Lebanese multi-instrumentalist trio Ishtirak have released their debut self-titled album on Thawra Records. ‘Ishtirak’, which translates to "communication, participation, or subscription" in Arabic, takes on a deeper meaning in Lebanon, referring to the powerful cables connecting residents to private generators in a country with an unstable electrical grid. This title reflects the band's intent to connect and share through their music amidst the nation's ongoing struggles.

The nearly hour-long instrumental album is a blend of post-rock, progressive rock and electronic elements, enriched with Arabic Maqam influences. Composed by Dylan Greene, Samah Boulmona, and Jeremy Thal, ‘Ishtirak’ features pulsating synths, intricate percussion and unique instrumentation. Recorded in Beirut in 2021, the album reflects the city's situation in the aftermath of the Beirut port explosion and economic collapse. Fuel and electricity shortages influenced the band's recording process, requiring them to work between power cuts.

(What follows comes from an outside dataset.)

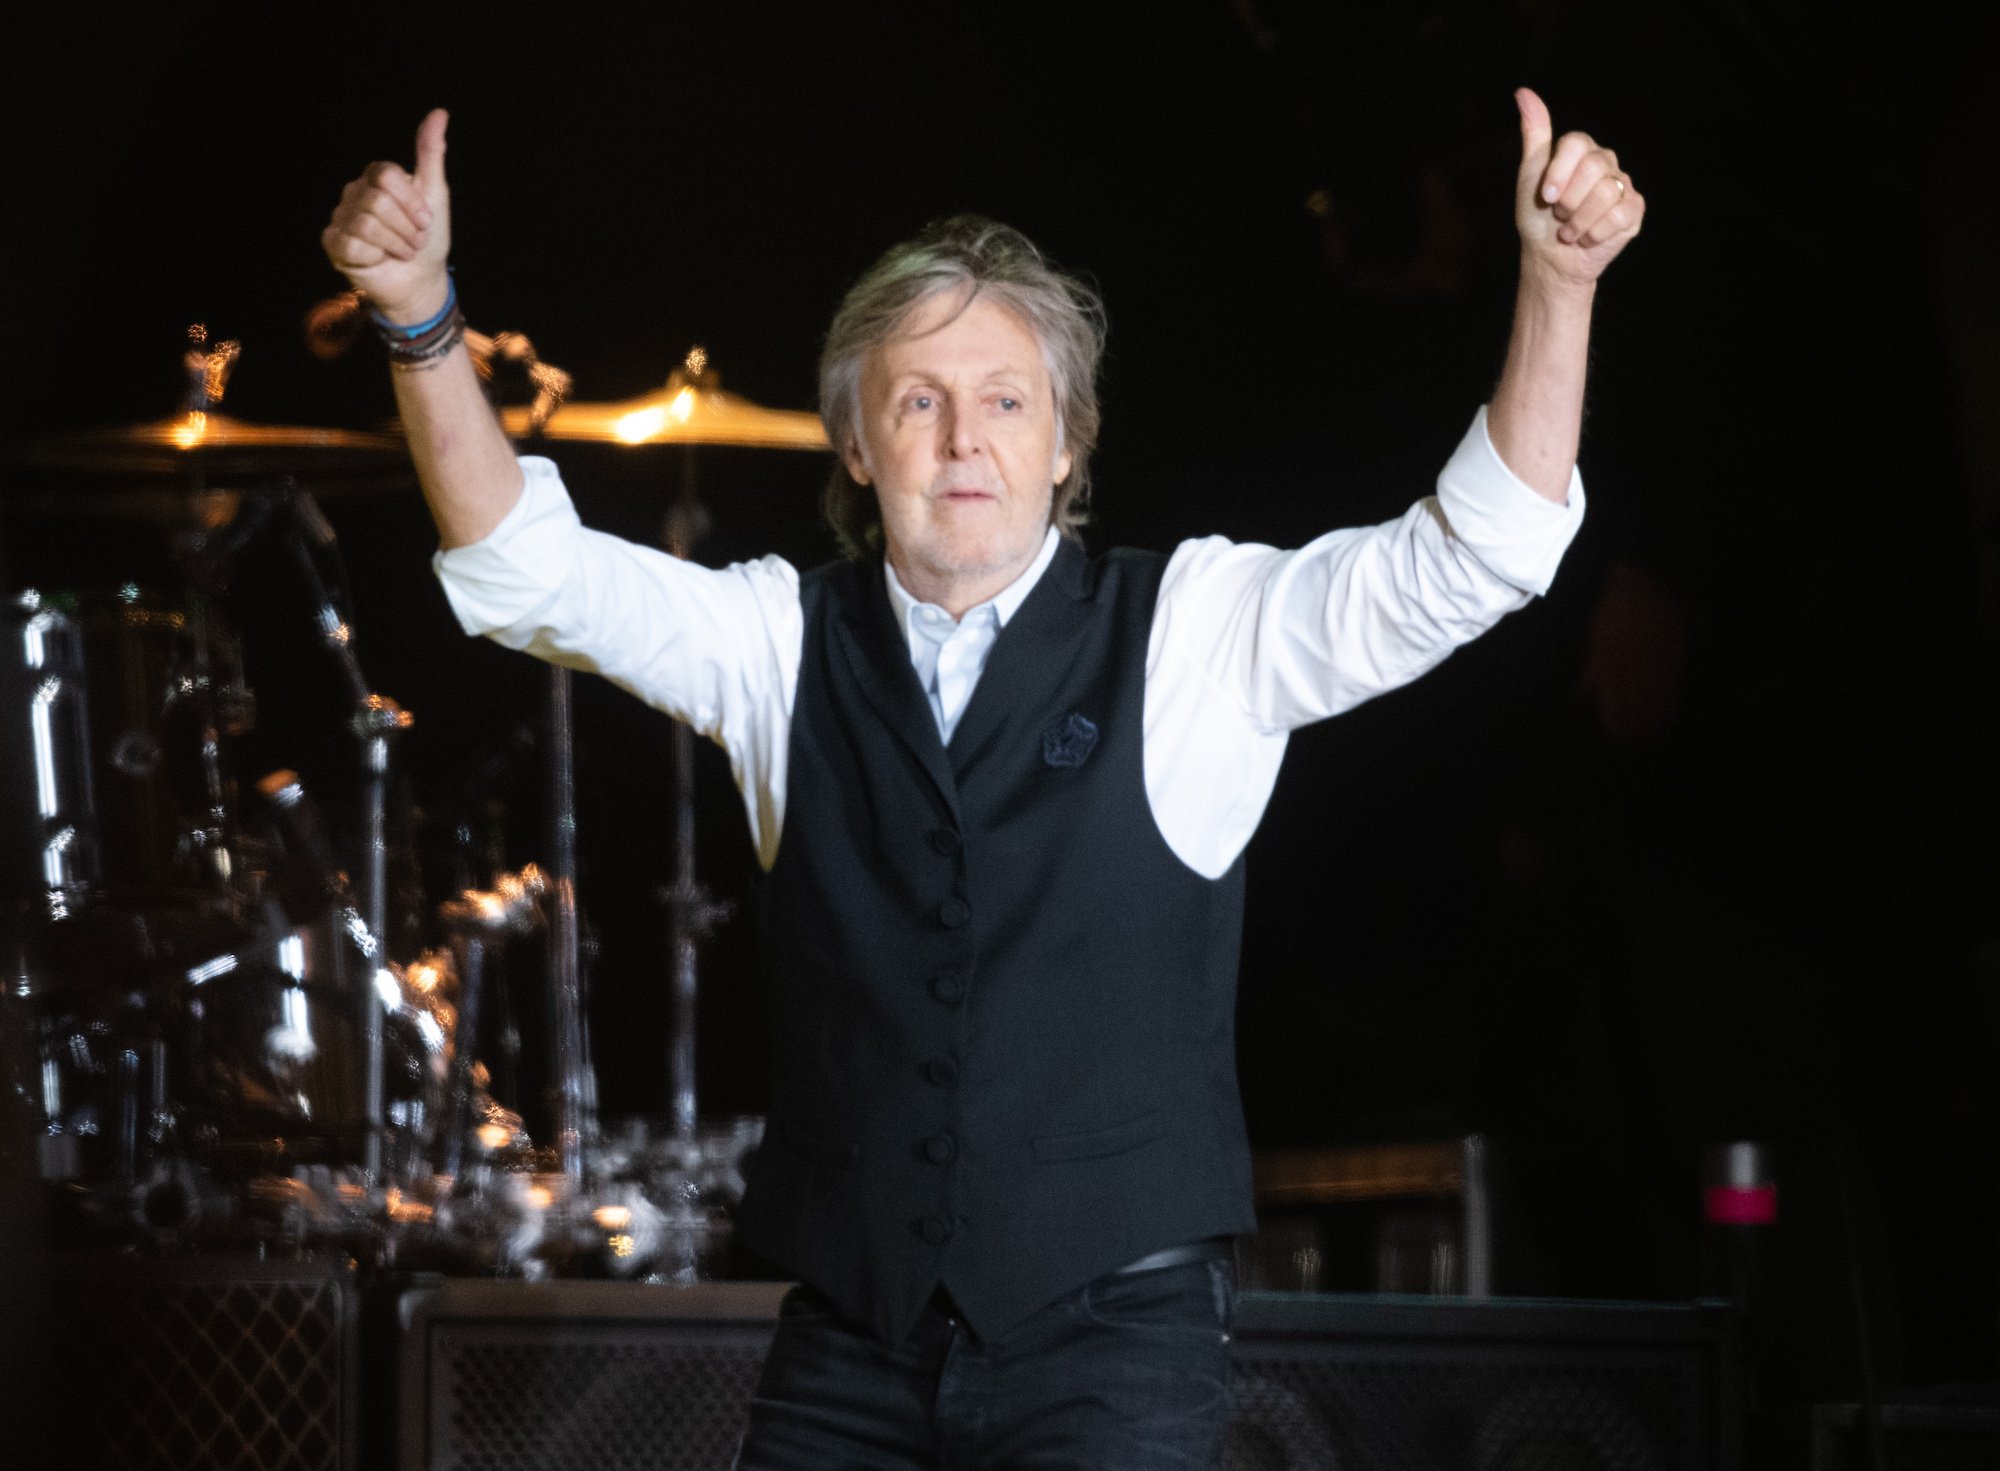 Paul McCartney performs at the Pyramid Stage during the 2022 Glastonbury Festival

Ishtirak's music navigates these limitations, presenting a layered soundscape with synths, guitars and percussion. The opening track, ‘Mtalat’, establishes the album's dense and textured sound. This track sets the initial tone with its combination of electronic and acoustic elements. Tracks like ‘Issavibe’ incorporate traditional Dabke elements, experimenting with odd time signatures and diverse instrumentation to create a blend of modern and traditional sounds. This track integrates rhythmic complexity and cultural elements.

‘Master Wansetha’ contrasts with its subdued atmosphere, featuring processed instrumentation and Eastern chord progressions. This track provides a more contemplative section within the album, showcasing the band's range. The experimentation continues with ‘Bubblehorn’, an ambient soundscape built on Eastern percussion, drone-like sounds, and subtle layers of horns. This track emphasizes ambient textures and spatial soundscapes.

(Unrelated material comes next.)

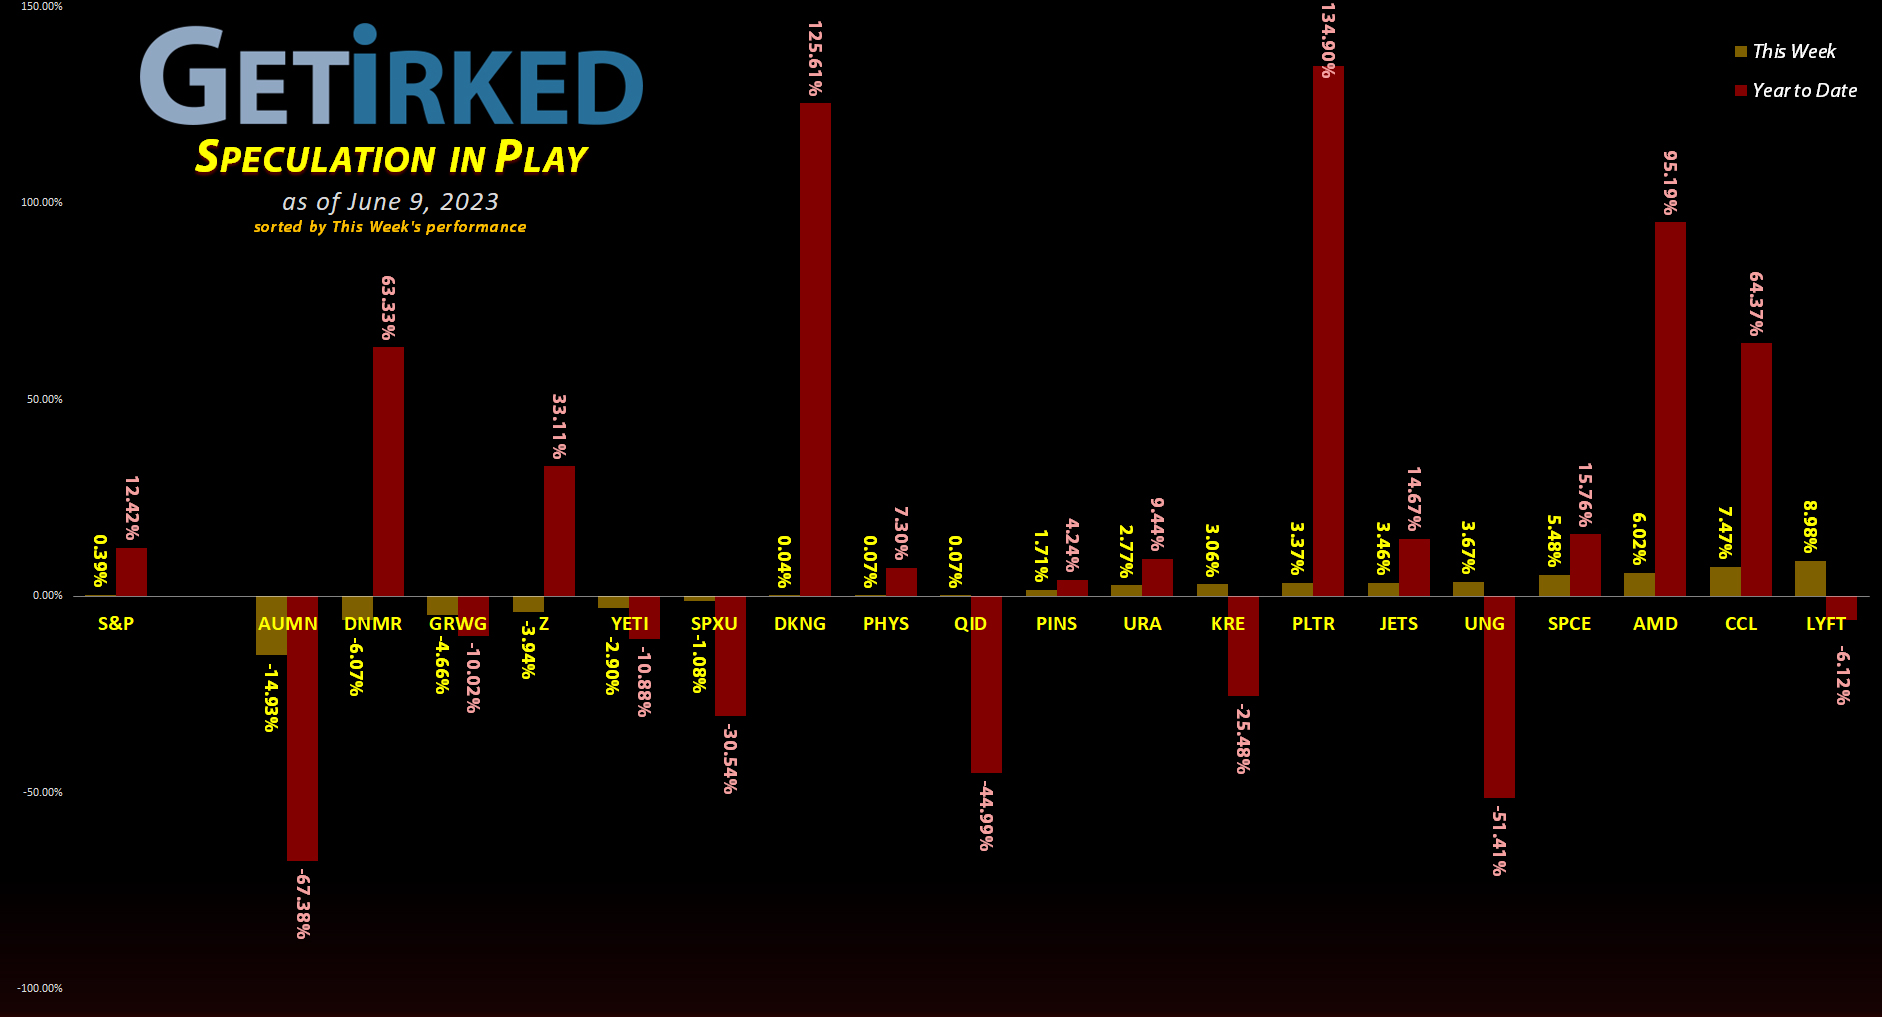 Get Irked's Speculation in Play - June 9, 2023

‘Khamsa Amper’ focuses on rhythm, incorporating distorted saxophones for added texture and rhythmic emphasis. The track's driving beat and saxophone lines highlight the band's approach to rhythm and sound. ‘Zubala’ is notable for its prominent Eastern instrumentation, blending traditional and modern sounds. This track exemplifies the band's integration of cultural heritage with contemporary music.

The album explores sound, culture, and resilience, with each track contributing to the overall theme of connection and endurance. ‘Ishtirak’ serves as a document of the band's journey and the broader context of their environment, illustrating the role of music in communication and perseverance.